思わずそう思ってしまうくらい、魔術を魔法にするのは簡単だった。
まぁ、これは俺が魔法使いになったから思うことかもしれないが。
それに魔法使いになる為の道は千差万別で色々な方法があるので、俺とは違う方法で魔法使いになったのだとしたら思ったより研究は進んでいなかったのかもしれない。
夕方にはユメハが帰って来た。
「ただいま♡」
近衛騎士団の訓練は今日も退屈だったのか、帰って早々に俺に抱き着いて甘えてきた。
勿論、俺はユメハを抱き返し、そのままお帰りのキスを……。
「はいはい。そういうのは部屋に戻ってからやりましょうね」
しようとしたところでユキナさんにストップを掛けられた。
「むぅ。お母さんのイケズ」
「別にするなとは言っていないじゃない」
つまり続きは部屋に戻ってからやれって話ですね。
「…………」
この人も段々ボロが出てきたというか、以前は彼女に理想の母親像を重ねていたのだが――考えるまでもなくサイオンジ公爵家の女に理想の奥さんなら兎も角、理想の母親が務まるわけがない。
子供を旦那に近付けない為に自分が育児教育を率先して引き受けるような血筋だしね。
「だって今部屋に戻ったら夕ご飯が食べられないじゃない」
「それもそうね」
「…………」
サイオンジ公爵家では夫婦が2人で部屋に戻ったらベッドに直行がデフォルトですね、わかります。
「仕方ないから最初にご飯を食べて、その後リオと2人でお風呂に入ってから部屋に戻ることにするわ」
「それが良いわね」
「…………」
サイオンジ公爵家では夫婦が2人でお風呂に入るのもデフォルトなんですね、知ってます。

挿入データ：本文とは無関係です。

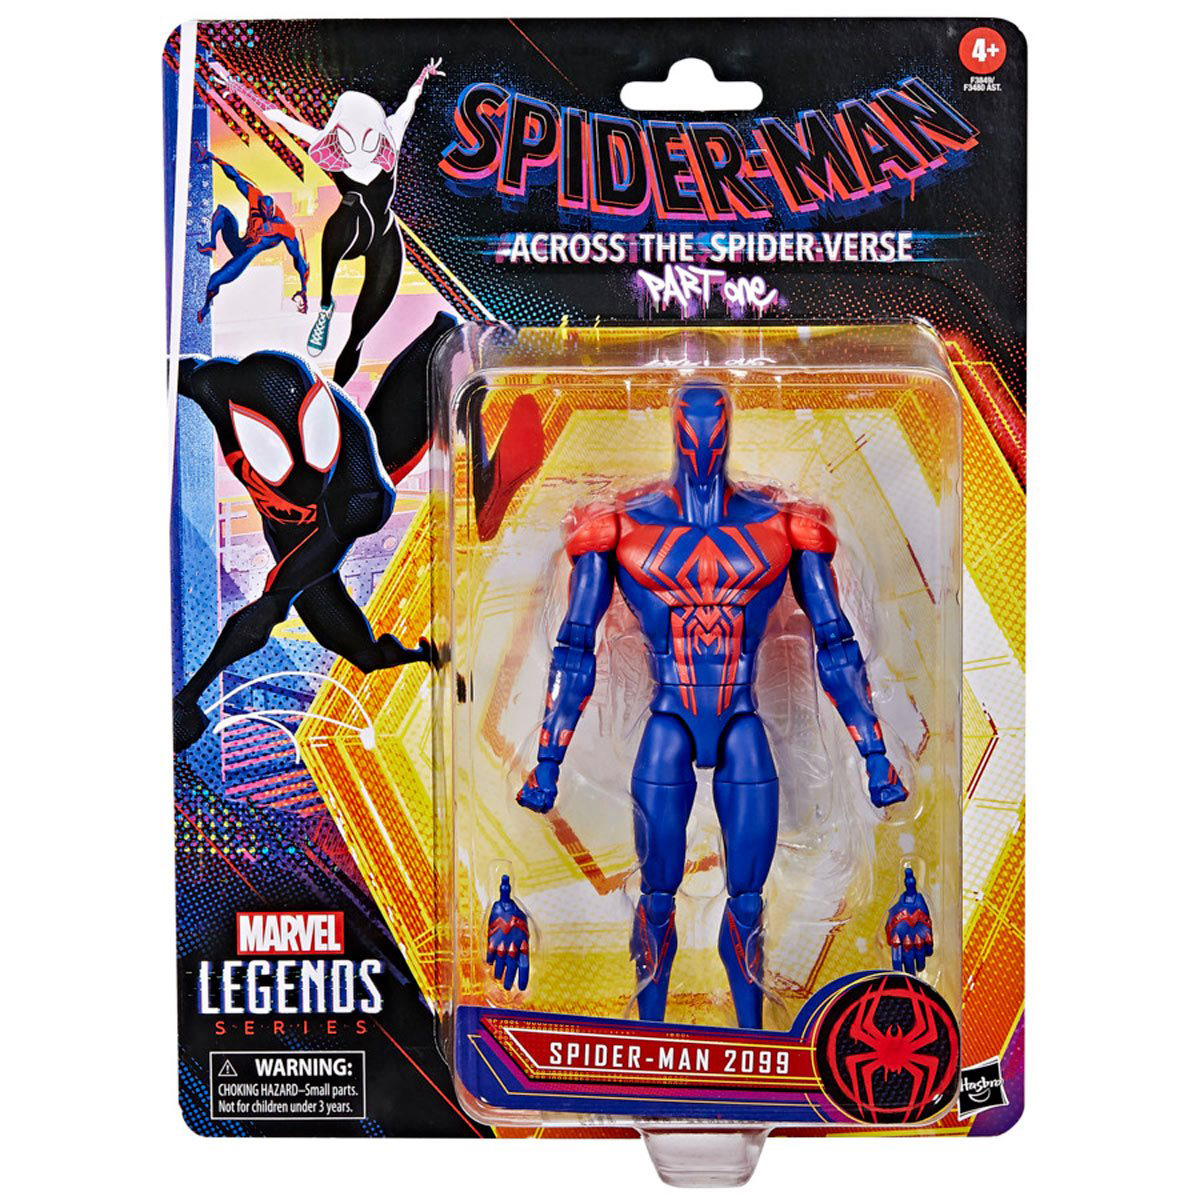 Spider-Man-2099-Marvel-Legends-Spider-Man-Across-the-Spider-Verse-Action-Figure-1

ちなみに俺とユメハがこの家で一緒に住むようになってからお風呂は新しいのが増設されて、そっちが俺とユメハ専用のお風呂となっている。
サイオンジ公爵家では、あくまで夫婦生活が最優先で、2組の夫婦が暮らしているなら2つのお風呂が必要になるのだ。
だって一緒にお風呂に入って何もないなんてことは、まずありえないし。
実際、この家で一緒に住み始めてから何度も――というか毎回ユメハと一緒にお風呂に入っているが、何もなかったことなど一度もなかった。
(転生神は今も覗いていて砂糖を吐いてんのかなぁ)
そんな益体もないことを考えながら夕食の席について――この後のお楽しみに思いを馳せた。